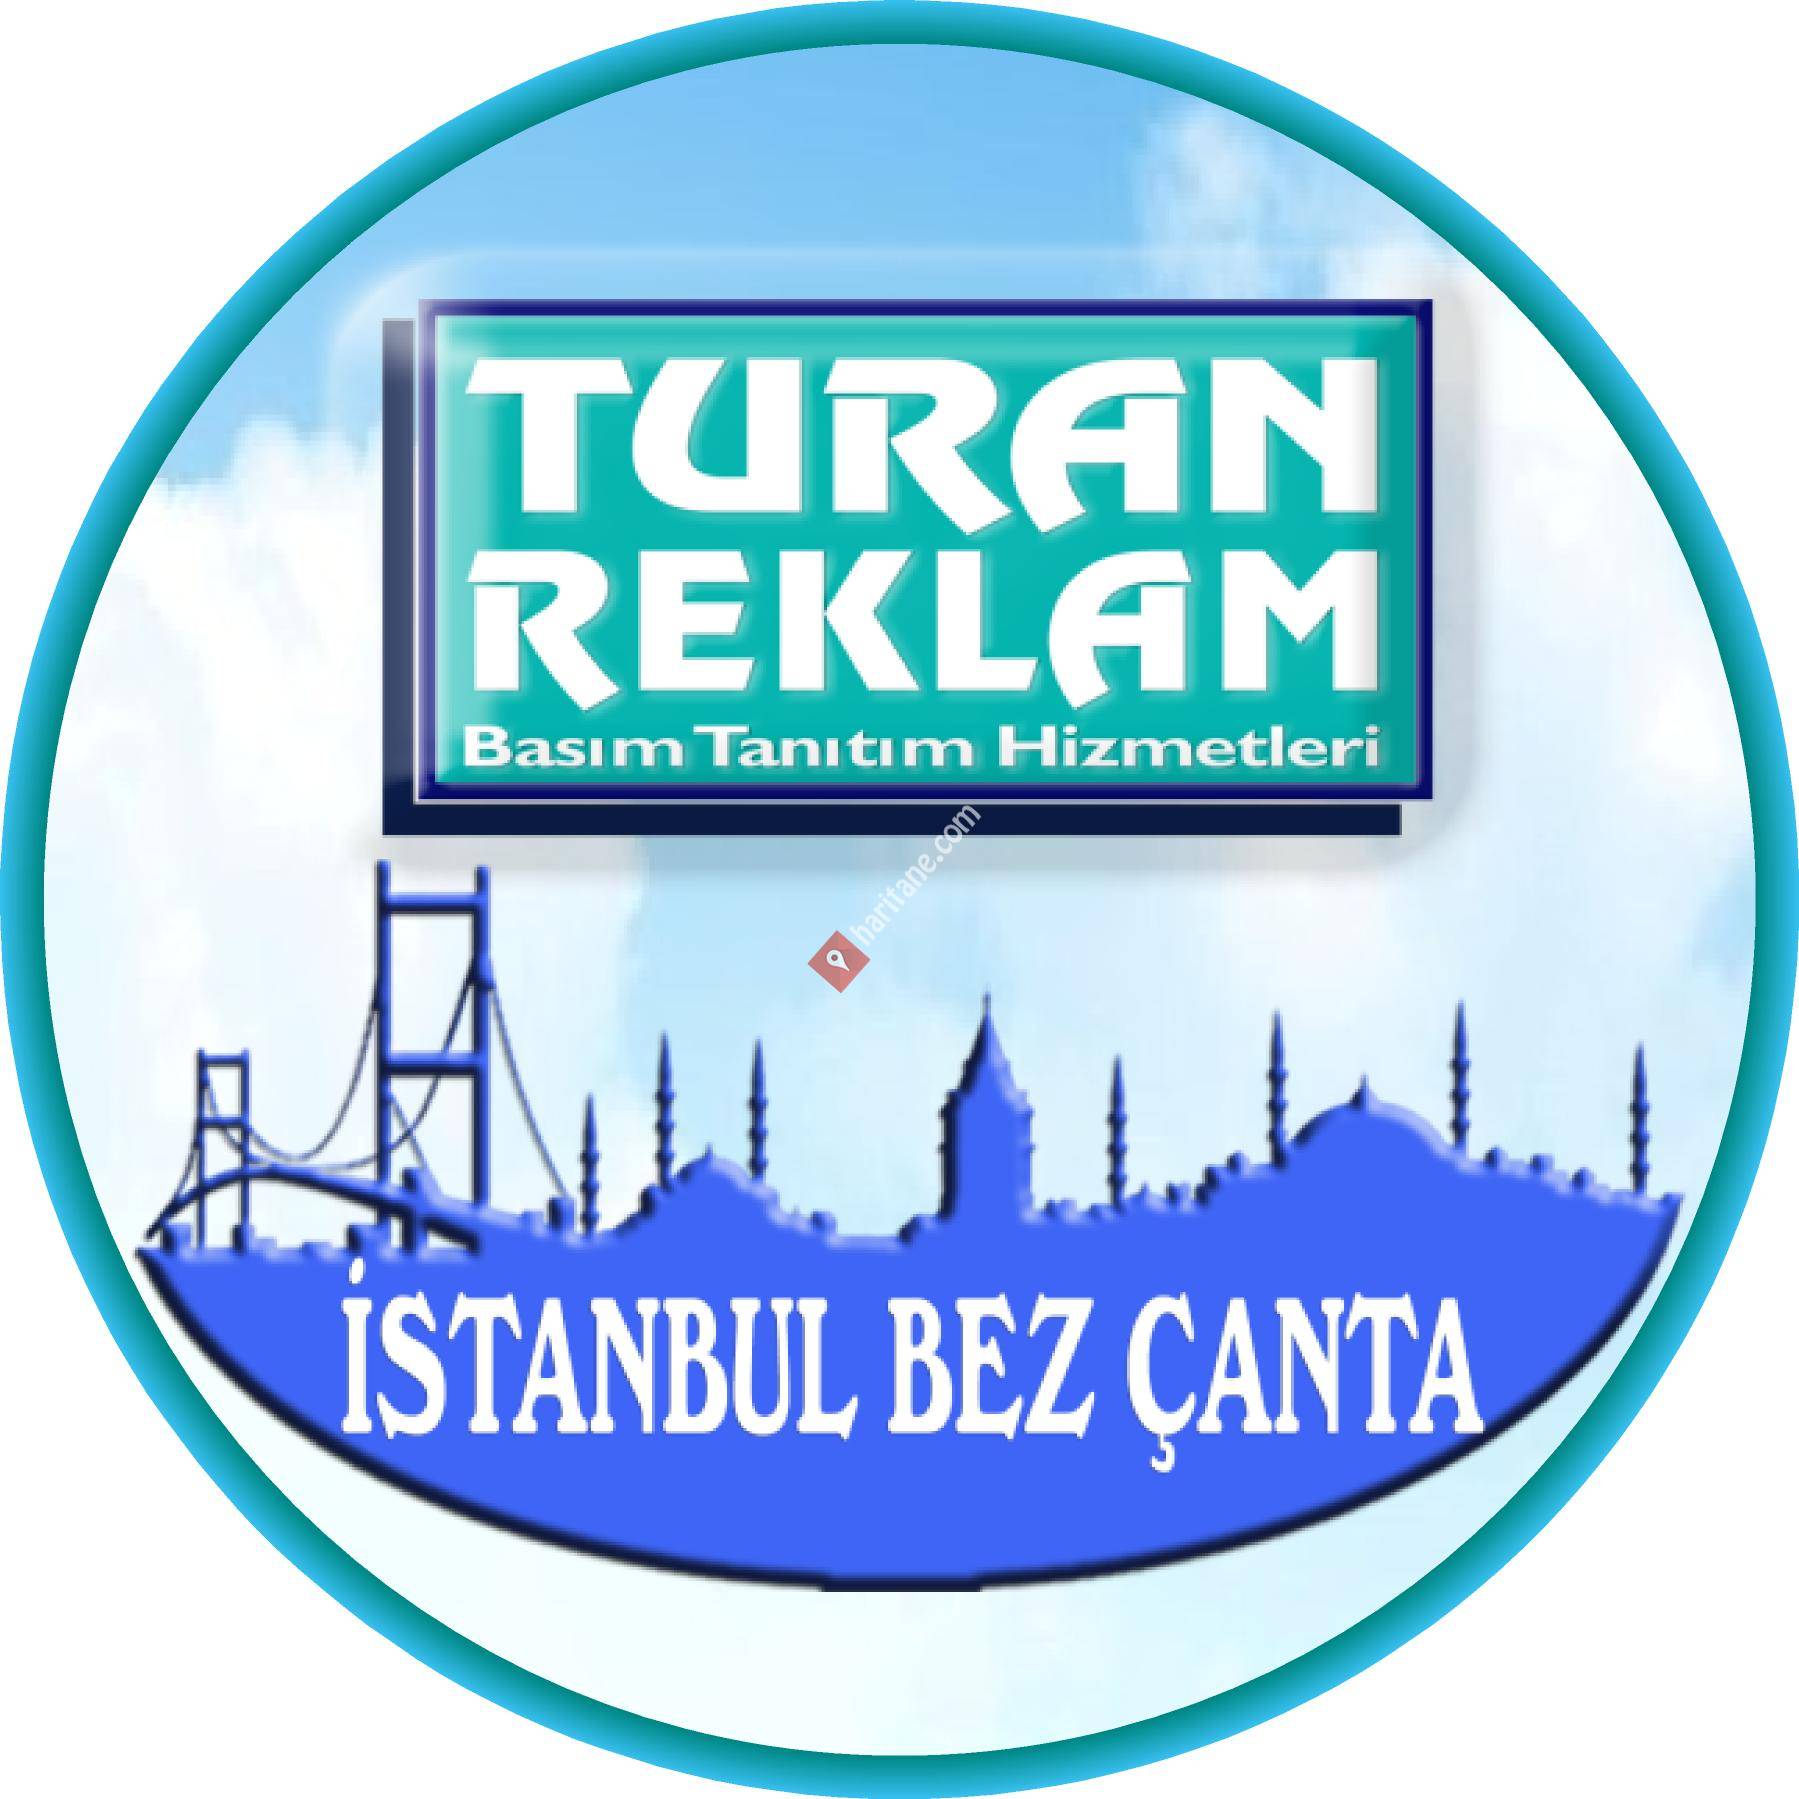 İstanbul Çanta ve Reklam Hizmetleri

+++++

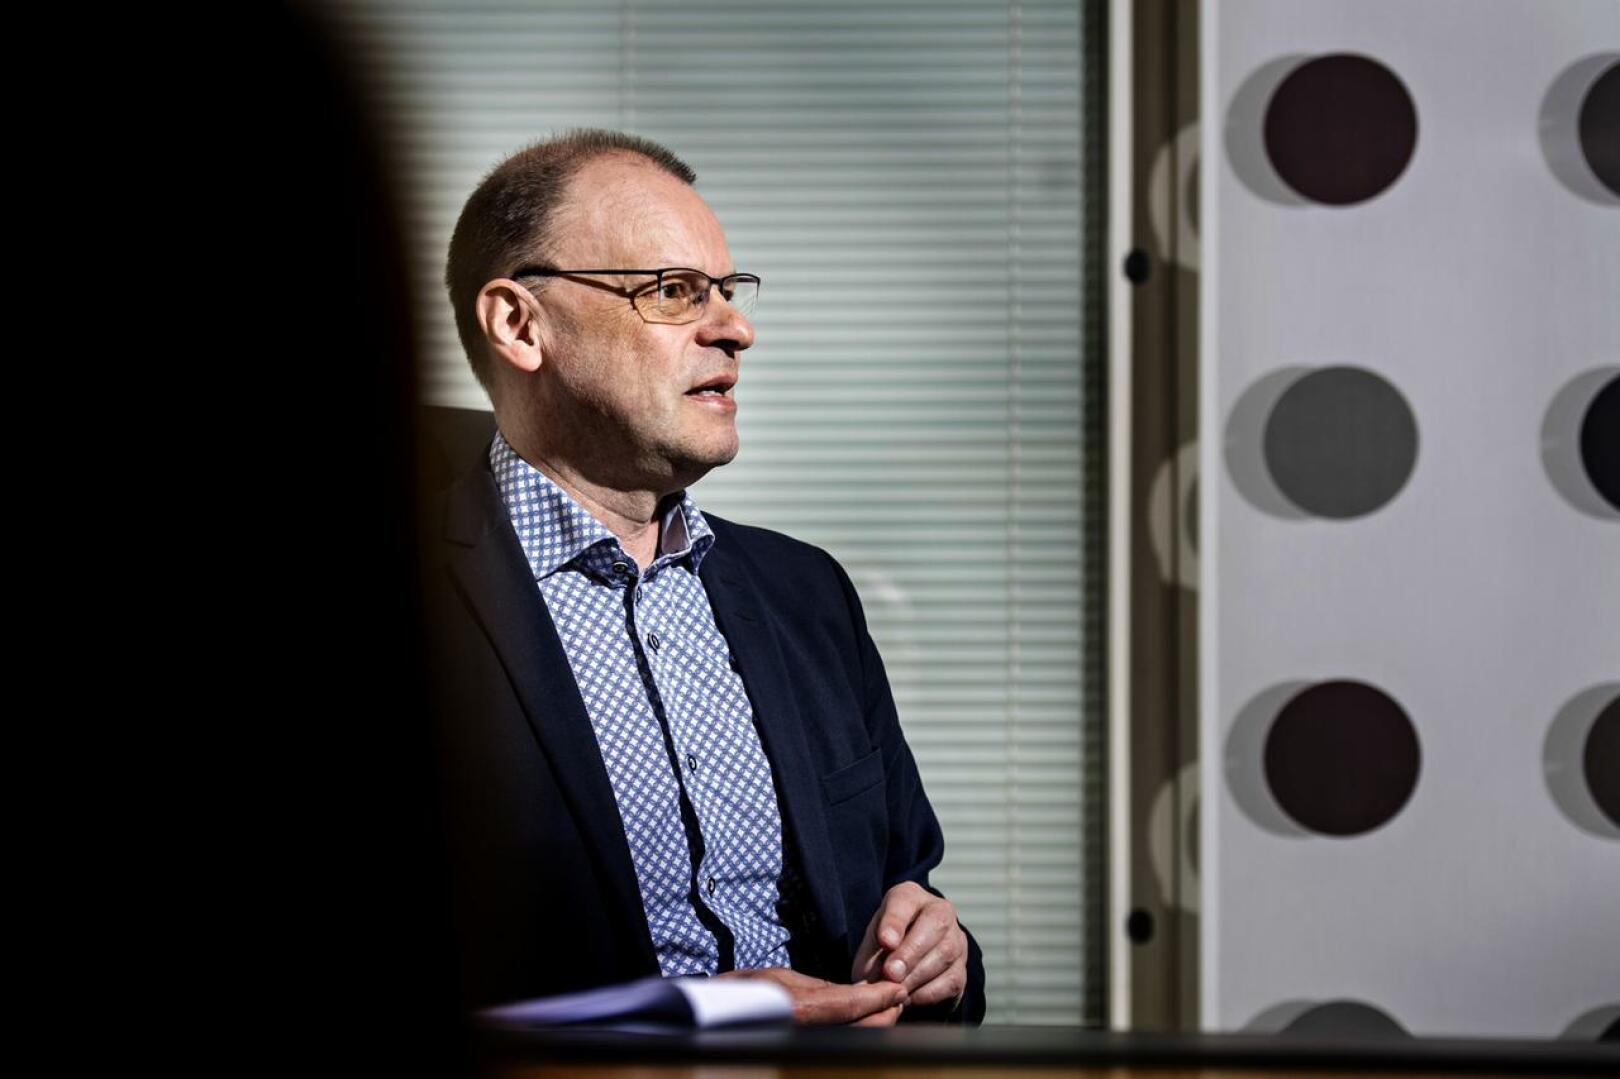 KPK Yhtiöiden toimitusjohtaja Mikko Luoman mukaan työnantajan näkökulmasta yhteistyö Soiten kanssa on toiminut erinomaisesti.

+++++

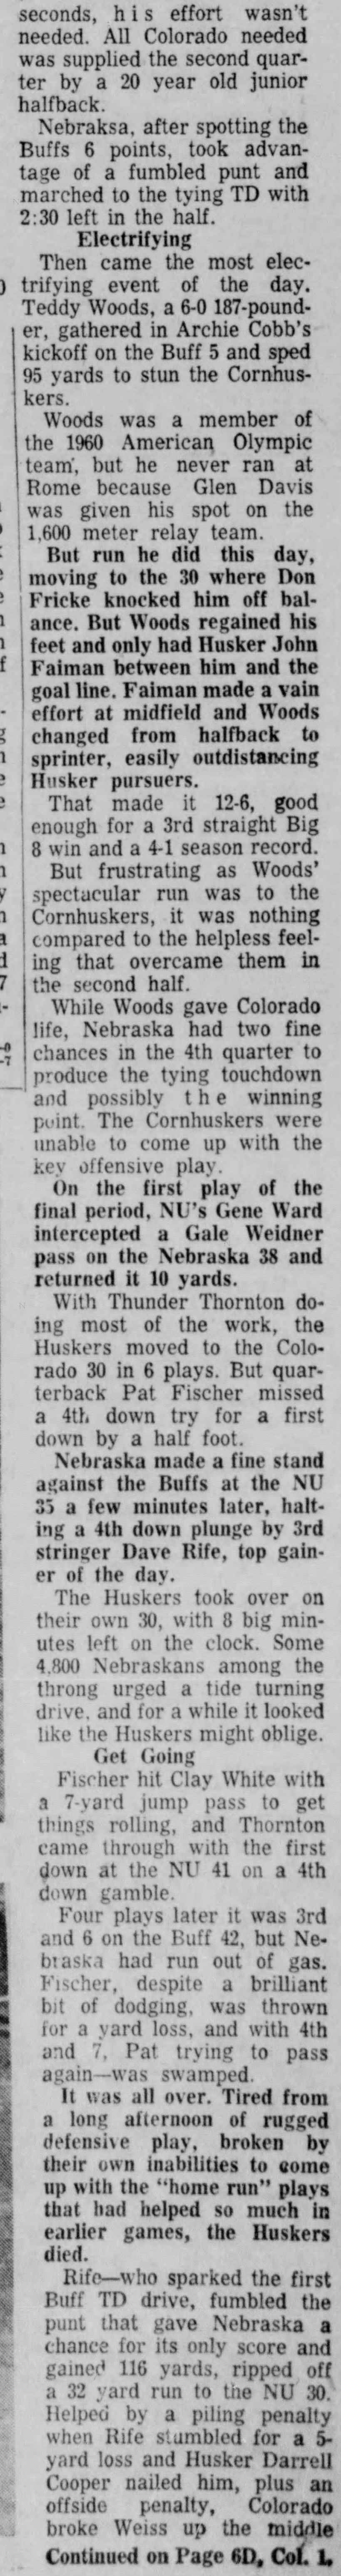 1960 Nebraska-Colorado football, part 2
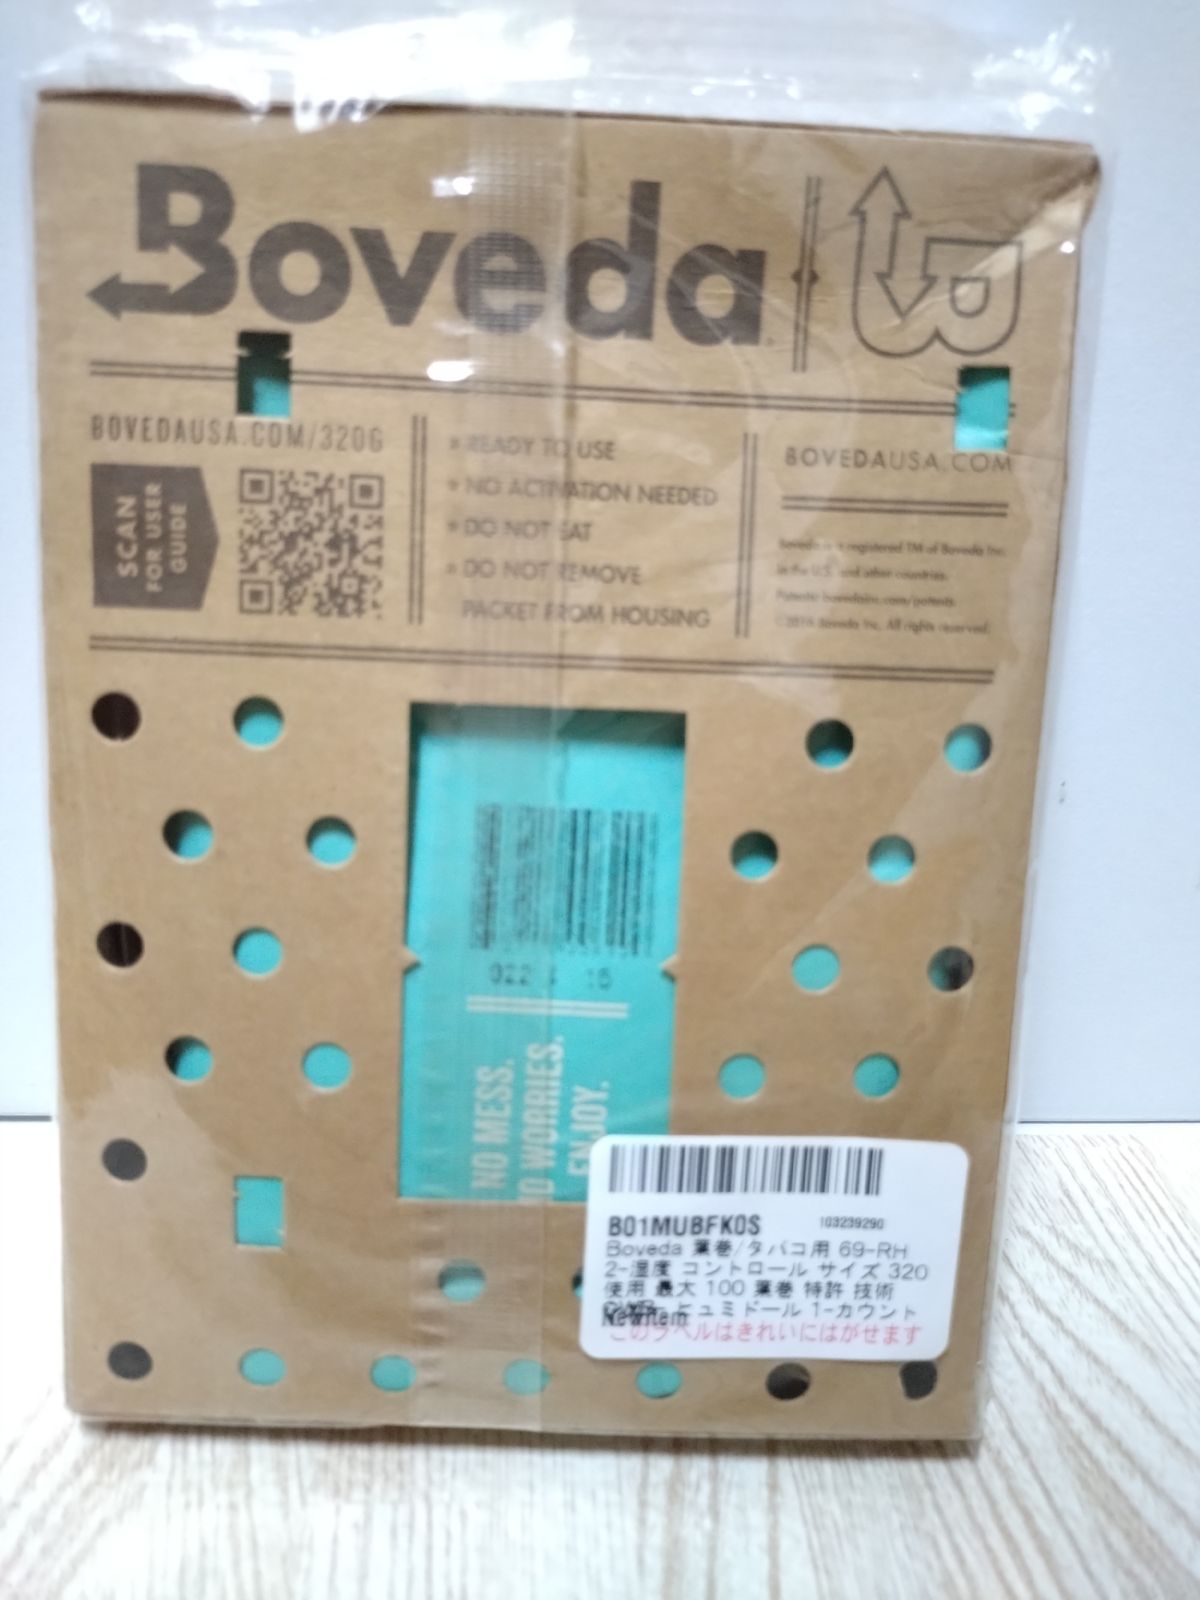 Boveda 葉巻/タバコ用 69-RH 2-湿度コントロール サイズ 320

+++++

What the exercise asks: How would the lines above read from the one with "1960 Nebraska-Colorado football, part 2" to the one with "Boveda 葉巻/タバコ用 69-RH 2-湿度コントロール サイズ 320", inclusive, with no pictures? Write them out exactly.

Output for this task:
 1960 Nebraska-Colorado football, part 2
 Boveda 葉巻/タバコ用 69-RH 2-湿度コントロール サイズ 320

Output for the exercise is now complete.